TAFTA : sous la pression des Etats-Unis, l’Europe renonce à interdire des perturbateurs endocriniens !

Les responsables du commerce états-uniens ont fait pression sur l’Union européenne pour qu’elle renonce à prendre des mesures contre des perturbateurs endocriniens liés au cancer et la stérilité masculine, afin de faciliter l’accord de libre échange TAFTA

Suite aux pressions des responsables du commerce des Etats-Unis en vue de l’accord sur le TAFTA, l’Union européenne a renoncé à prendre des mesures règlementaires relatives aux perturbateurs endocriniens liés au cancer et à la stérilité masculine.

C’est ce qui ressort des documents qu’a obtenus le Réseau européen d’action contre les pesticides (PAN Europe). Les critères de l’Union européenne en projet auraient pu interdire 31 pesticides contenant des produits chimiques, perturbateurs endocriniens. Mais ils ont été abandonnés par crainte d’une réaction commerciale violente, alimentée par un lobby états-unien agressif.

Le 26 juin 2013 au matin, une délégation de haut niveau de la Mission des Etats-Unis vers l’Europe et de la Chambre états-unienne du Commerce, rendait visite aux responsables du commerce de l’Union européenne, afin d’insister pour que les européens abandonnent leurs nouveaux critères pour mettre en évidence les perturbateurs endocriniens et ce, en faveur d‘une nouvelle étude d’impact. A la fin de la journée, l’Union européenne avait cédé.

Les minutes de la rencontre montrent que les responsables de la Commission expliquent que « bien qu’ils veulent que le TAFTA soit un succès, ils n’aimeraient passer pour des gens qui affaiblissent les normes européennes ».

Le TAFTA est un accord commercial en cours de négociation entre les Etats-Unis et l’Union européenne pour supprimer les barrières commerciales et favoriser le libre échange.

Dans les minutes, on peut lire que les représentants de la Chambre de Commerce des Etats-Unis qui répondaient aux négociateurs états-uniens, « se plaignaient de l’inutilité de créer des catégories et donc des listes » de substances interdites.
Les représentant des Etats-Unis insistaient pour qu’une approche basée sur le risques soient adoptée pour la réglementation, et « mettaient l’accent sur la nécessité d’une évaluation d’impact ».

Plus tard lors de cette journée, la secrétaire générale de la Commission, Catherine Day, envoyait une lettre à Karl Falkenberg, directeur du département Environnement, en lui disant de suspendre les critères en projet :

« Nous suggérons que, comme l’ont fait les autres Direction générales, vous envisagiez de procéder à une unique évaluation d’impact commune pour couvrir toutes les propositions. Nous ne pensons pas qu’il soit nécessaire de préparer des recommandations de la Commission, relatives aux critères pour identifier les substances qui sont des perturbateurs endocriniens. »
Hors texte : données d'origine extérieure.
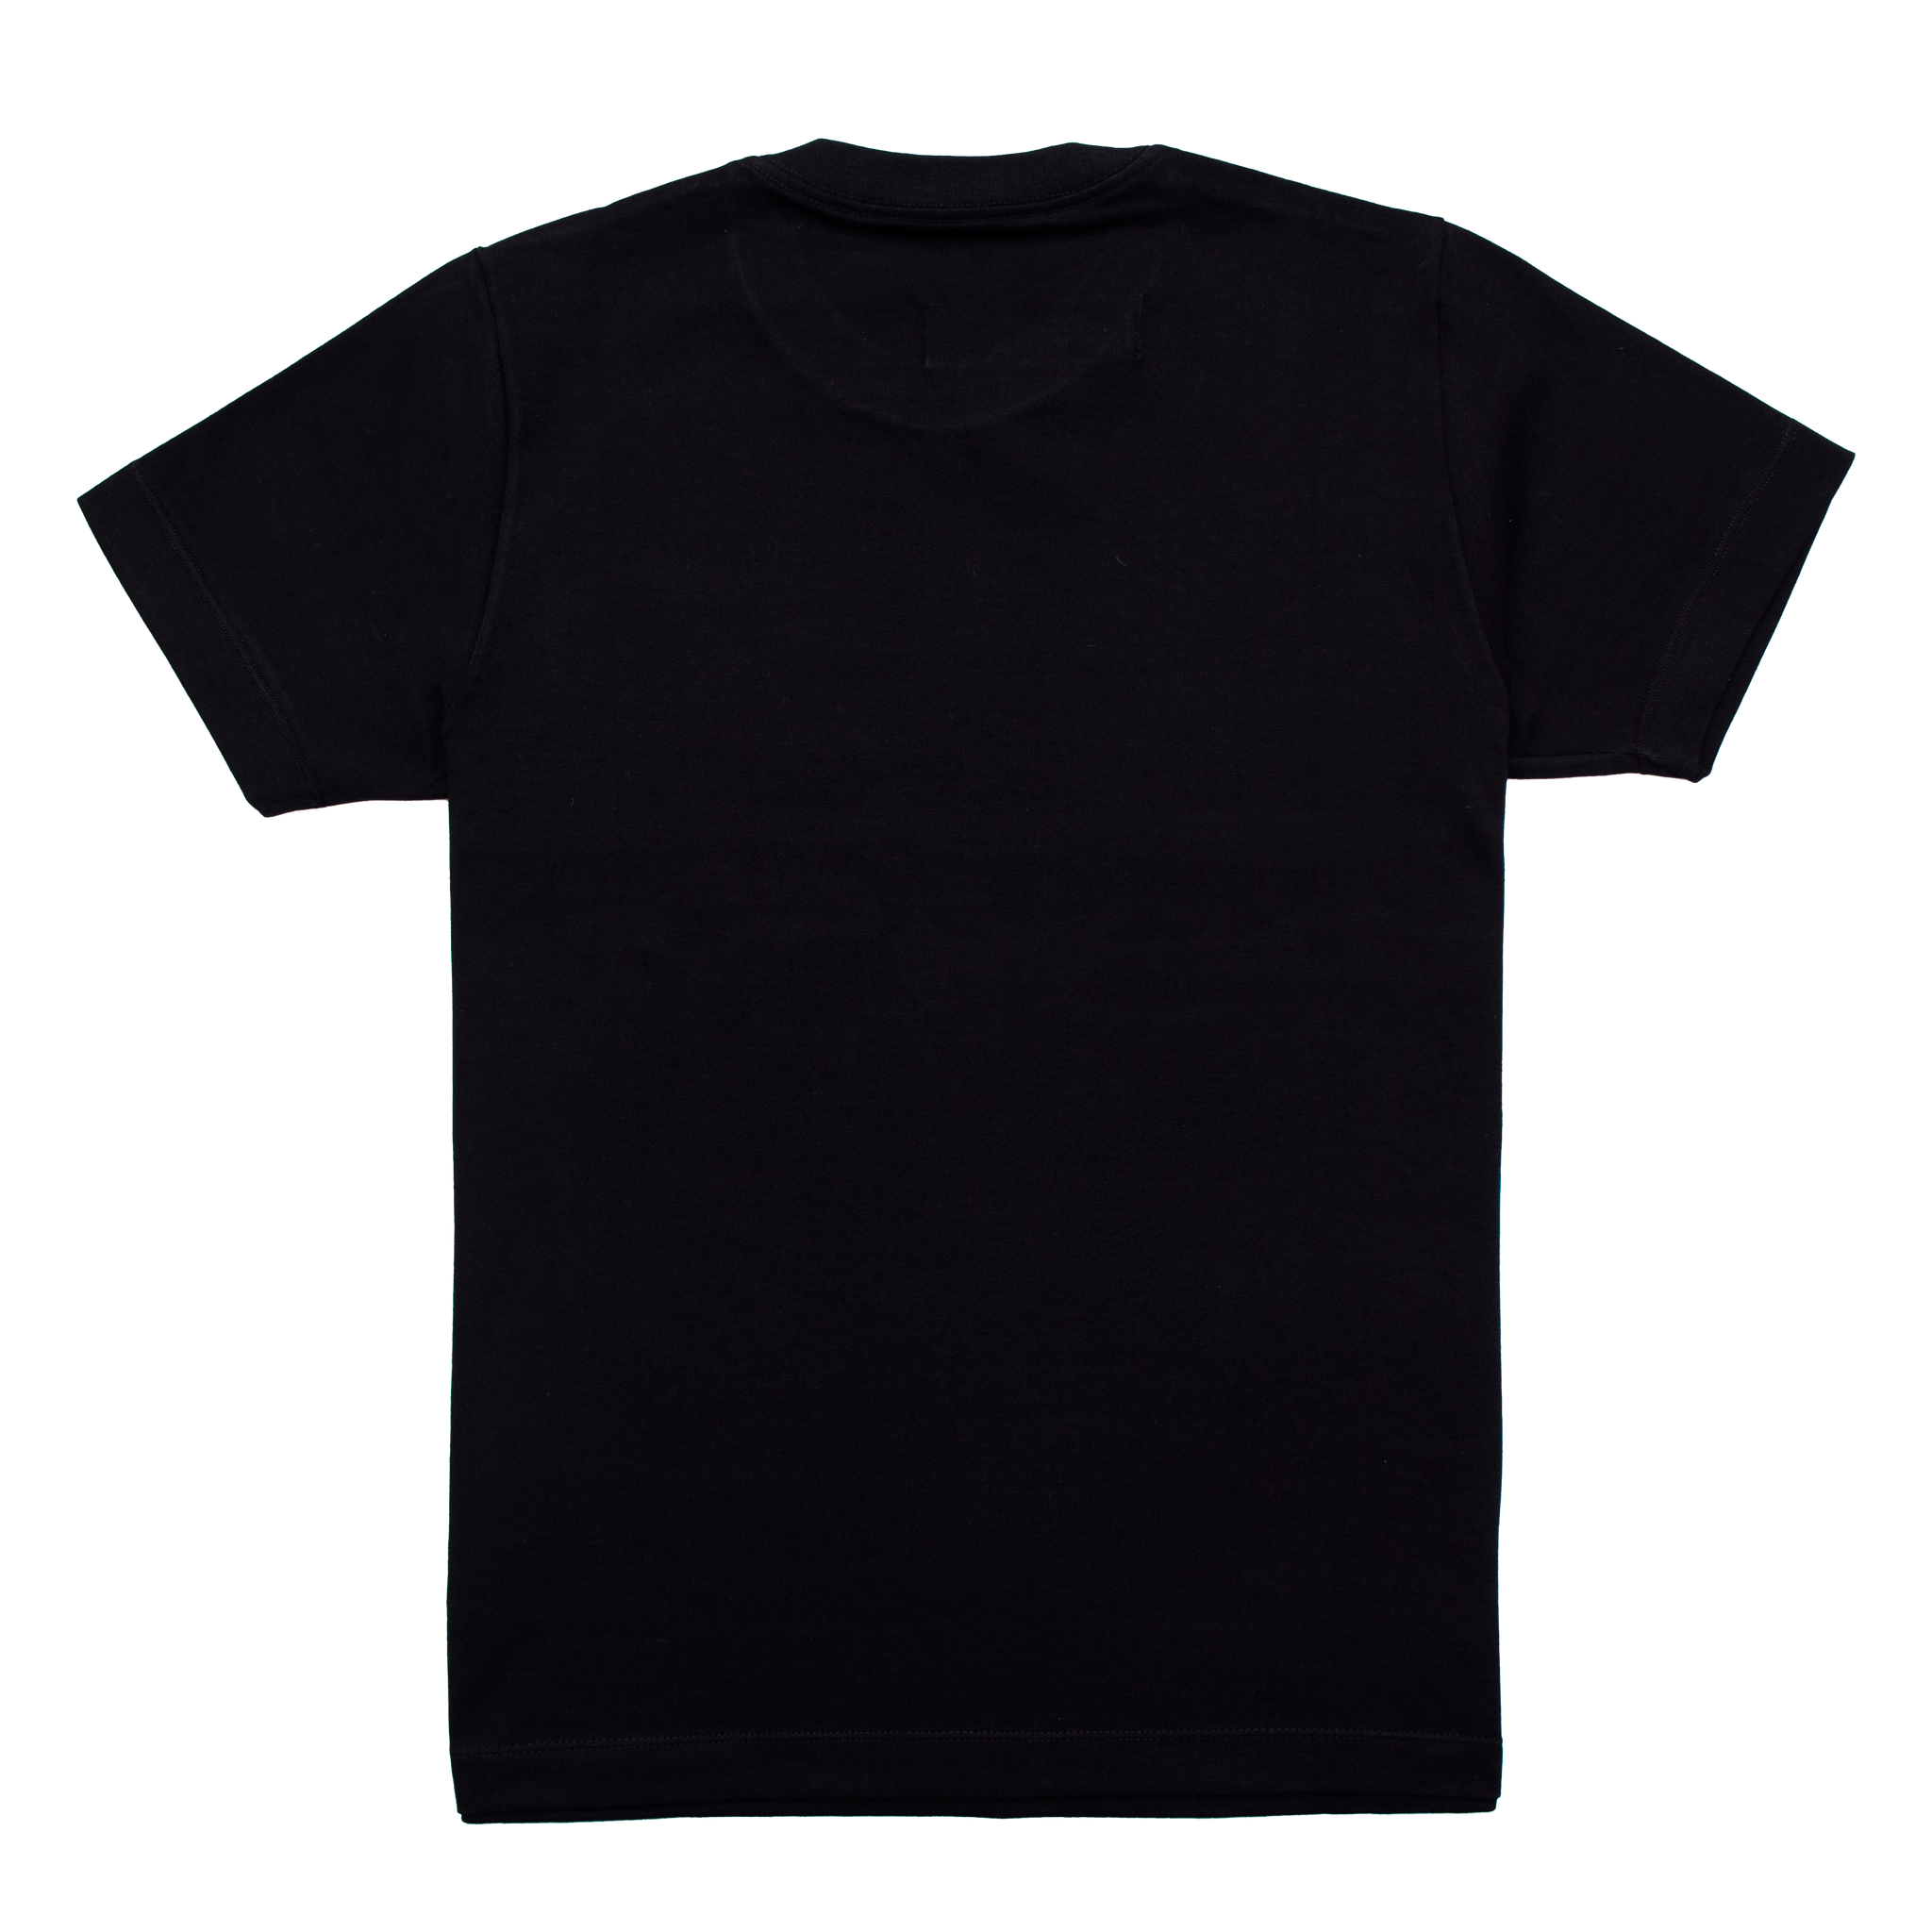 BECK'S x WORKING TITLE Camiseta Autopilot - Black

Suite à cela, la législation prévue pour 2014, fut repoussée au moins jusqu’en 2016, malgré les coûts pour la santé que provoquent les maladies, comme la perte de QI, l’obésité ou le cryptorchidisme – maladie qui affecte le système génital des petits garçons, et que l’on estime à 150 milliards d’€ chaque année. [[http://www.theguardian.com/environment/2015/mar/06/health-costs-hormone-disrupting-chemicals-150bn-a-year-europe-says-study]] )

Un mois avant cette rencontre, la Chambre du Commerce des Etats-Unis avait prévenu l’Union européenne des « vastes implications » qu’aurait l’adoption des critères en projet. Cet organisme commercial voulait que l’évaluation d’impact de l’UE fixe des seuils plus souples pour les expositions acceptables aux perturbateurs endocriniens, basés sur les propriétés de la substance.

Le président du comité environnement de la Chambre de Commerce des Etats-Unis écrivait dans une lettre à la Commission : « Nous sommes inquiets de voir que cette décision qui est source de nombreux débats scientifiques, puisse être prise pour des raisons politiques, sans qu’auparavant, ses impacts sur la marché européen ne soient évalués ».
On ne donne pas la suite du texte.